AI Benchmarking Toolkit 1.0 Released: Equipped with a Graphical User Interface, Expanded Model and Task Coverage, and Enhanced Hardware Acceleration Support
The MLCommons consortium has announced the release of MLPerf Client 1.0, a new AI performance testing tool designed to measure local AI model performance on client devices equipped with GPUs and NPUs. This benchmark has been developed by the MLPerf Client working group in collaboration with major hardware and software vendors.
MLPerf Client 1.0 expands upon prior versions by including more AI models, supporting hardware acceleration on a wider range of devices from various vendors, and testing a broader spectrum of user interactions with language models. It also features a user-friendly graphical interface to appeal to casual users.
The benchmark supports testing with AI models such as Meta’s Llama 2 7B Chat, Llama 3.1 8B Instruct, Microsoft’s Phi 3.5 Mini Instruct, and the experimental Phi 4 Reasoning 14B model, representing next-generation large language models with increasing parameter sizes and capabilities.
MLPerf Client 1.0 facilitates hardware acceleration across more devices and vendor platforms, including GPUs and neural processing units (NPUs) commonly found in client devices. This allows it to test execution paths optimized for diverse accelerators, reflecting the rapidly evolving client AI landscape where workloads and best execution hardware vary greatly.
Some experimental workloads in MLPerf Client 1.0 require a GPU with 16GB of VRAM to run, allowing for stress testing of higher-end hardware. The hardware and software stacks of client AI are fluid, and the various ways to accelerate AI workloads locally are numerous.
MLPerf Client 1.0 is available as a free download from GitHub. Support for Intel GPUs is available via ONNX Runtime GenAI-DirectML, Intel NPUs via Microsoft Windows ML and the OpenVINO execution provider, NVIDIA GPUs via Llama.cpp-CUDA, AMD GPUs and NPUs via ONNX Runtime GenAI and the Ryzen AI SDK, and Apple Mac GPUs via Llama.cpp-Metal and MLX.

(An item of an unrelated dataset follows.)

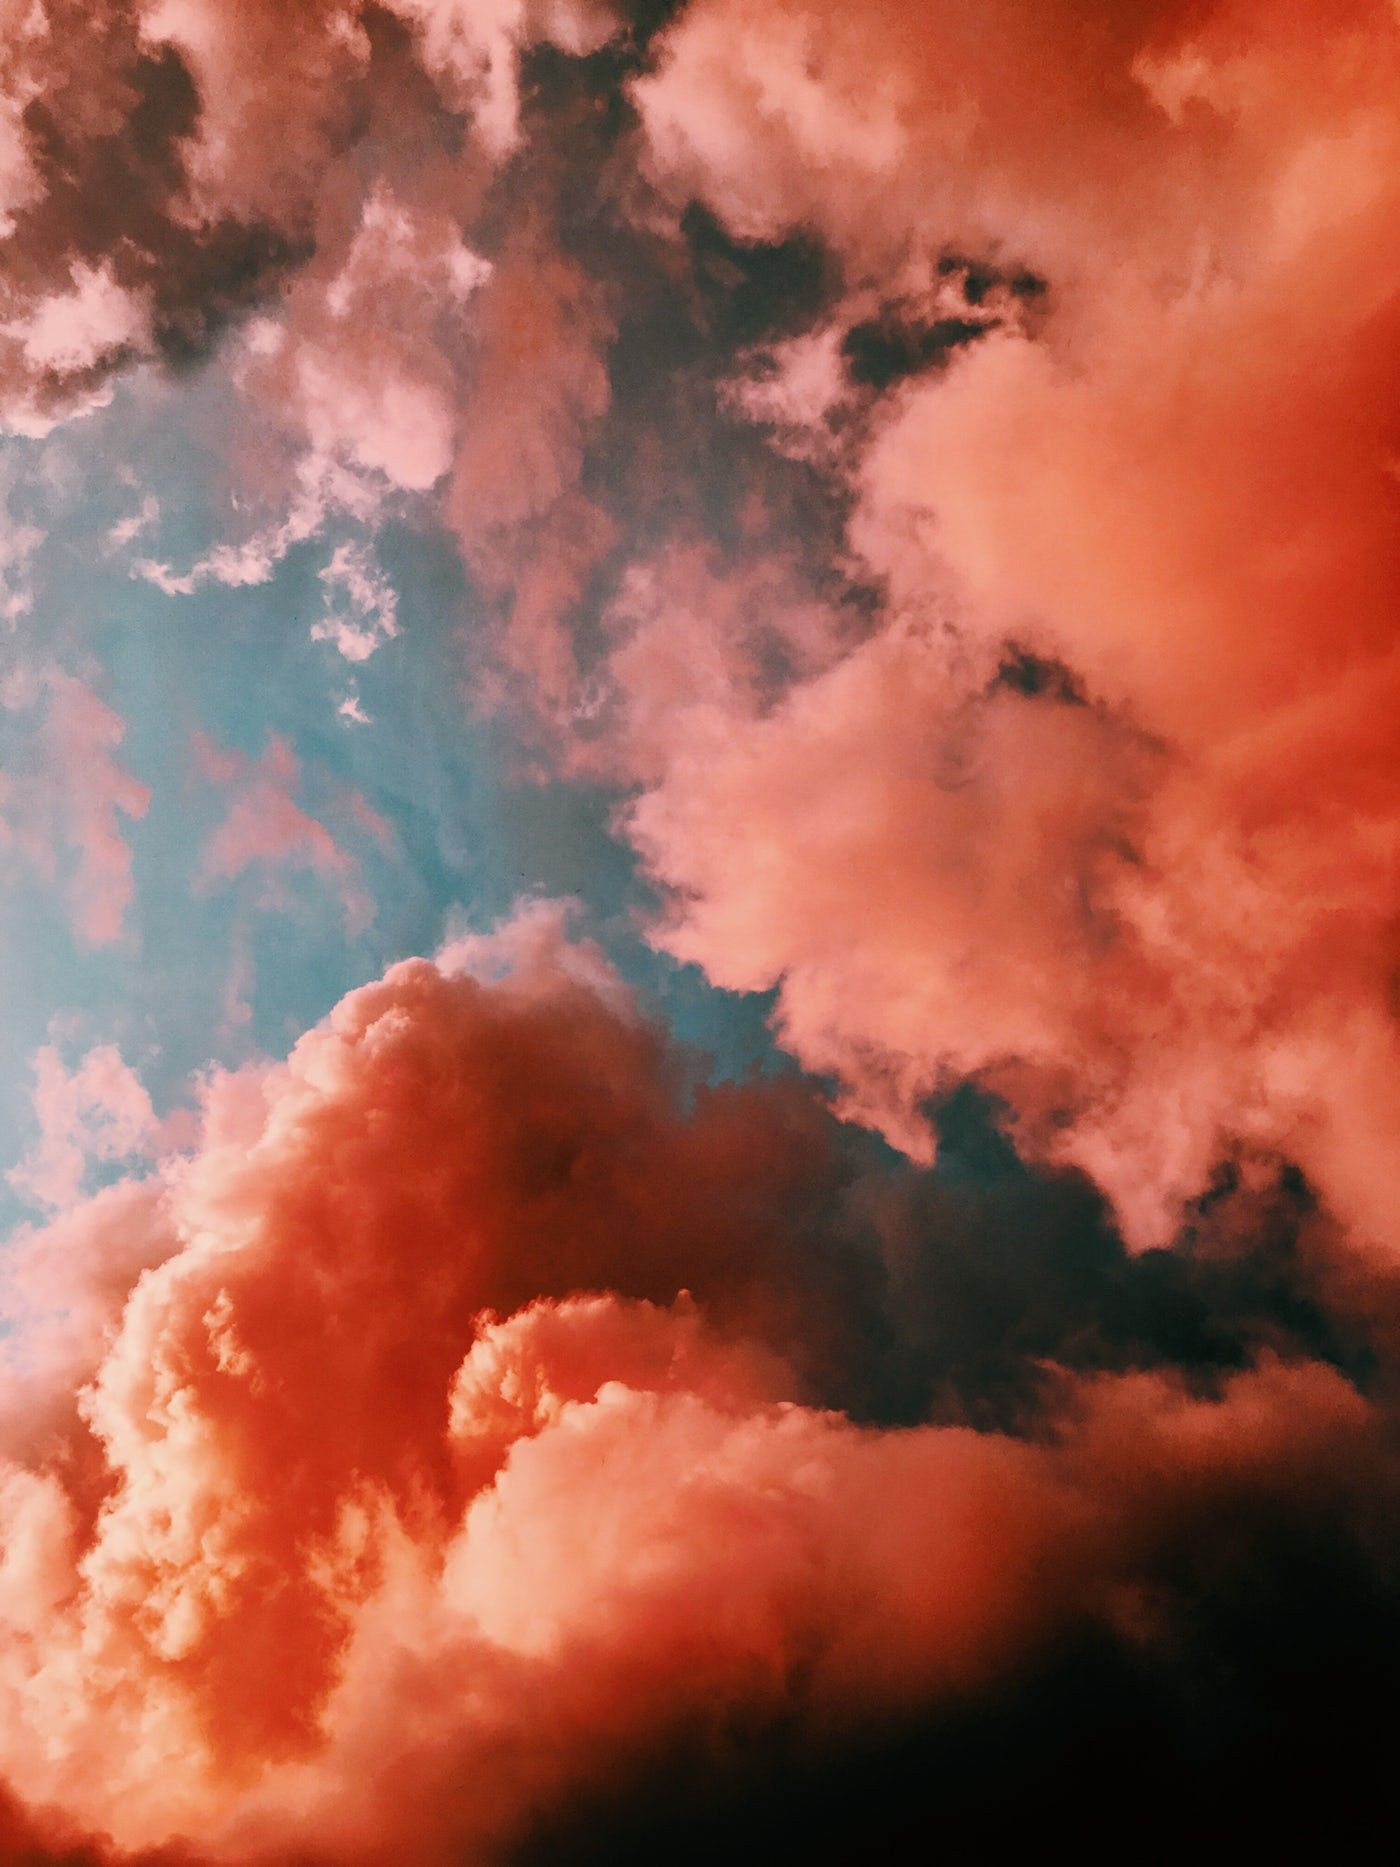 Colors Smoke Clouds wallpaper iphone, Sky aesthetic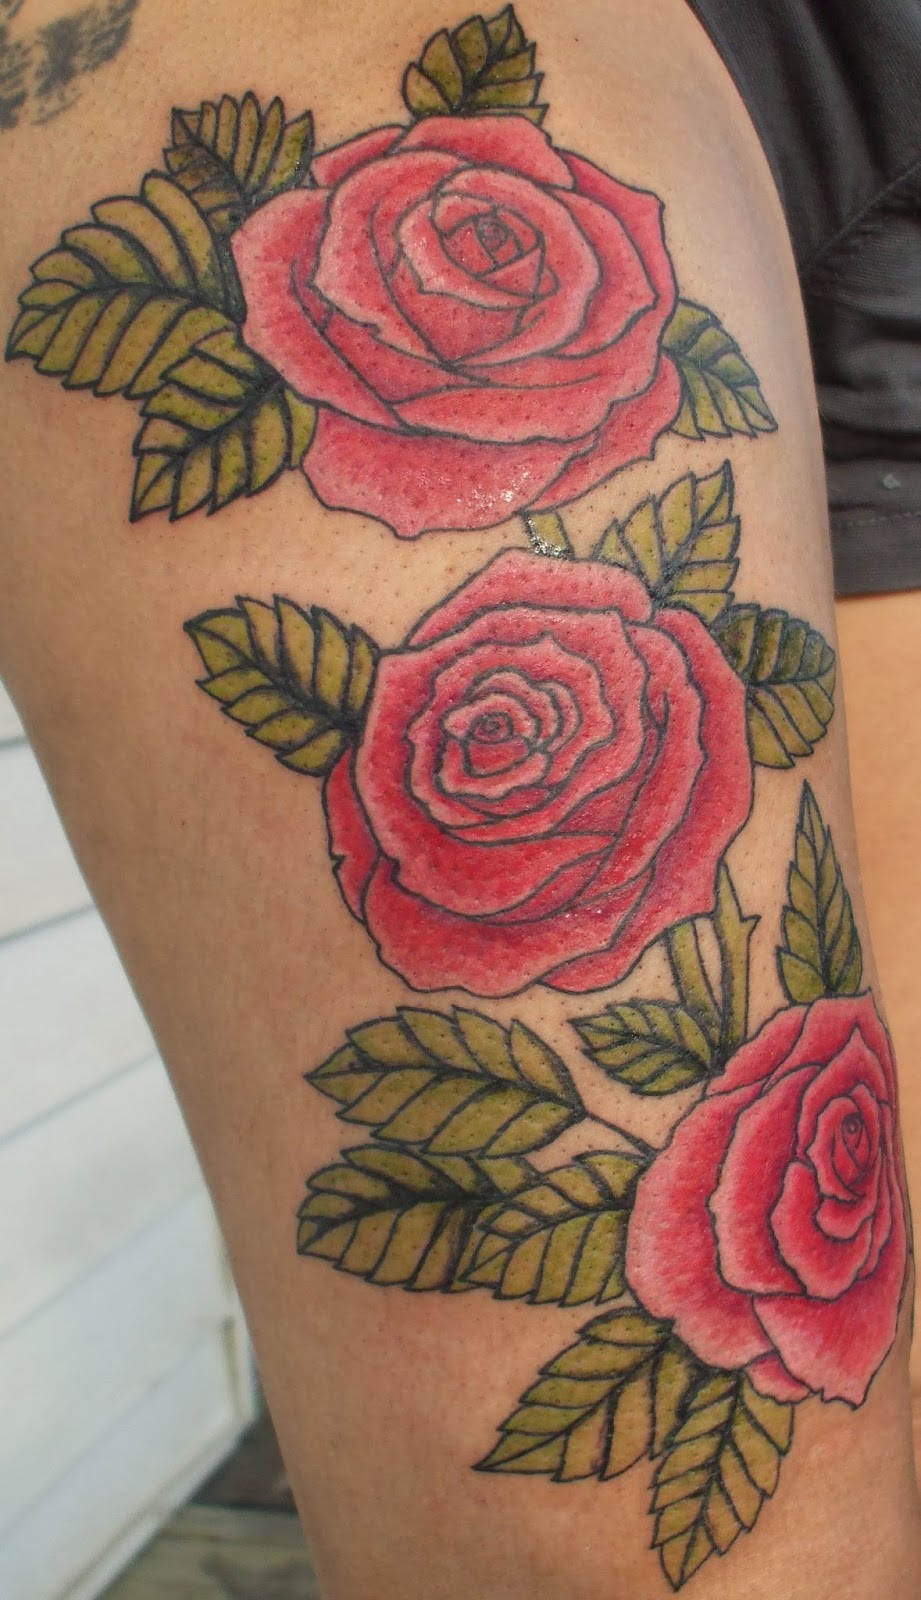 Carole duchesneau artiste tatouage fleurs papillons - Fleur tatouage dessin ...

With MLPerf Client 1.0, users can easily understand the full range of benchmarks they can run on their hardware and choose among them. The GUI version provides real-time monitoring of various hardware resources on a system, making it an essential tool for anyone interested in optimizing the performance of their client AI workloads.
Data-and-cloud-computing technology plays a crucial role in facilitating hardware acceleration across devices for the MLPerf Client 1.0 benchmark, which supports a wide range of ML models and various vendor platforms, including GPUs and neural processing units (NPUs). This advancement in technology allows for testing execution paths optimized for diverse accelerators, reflecting the rapidly evolving client AI landscape.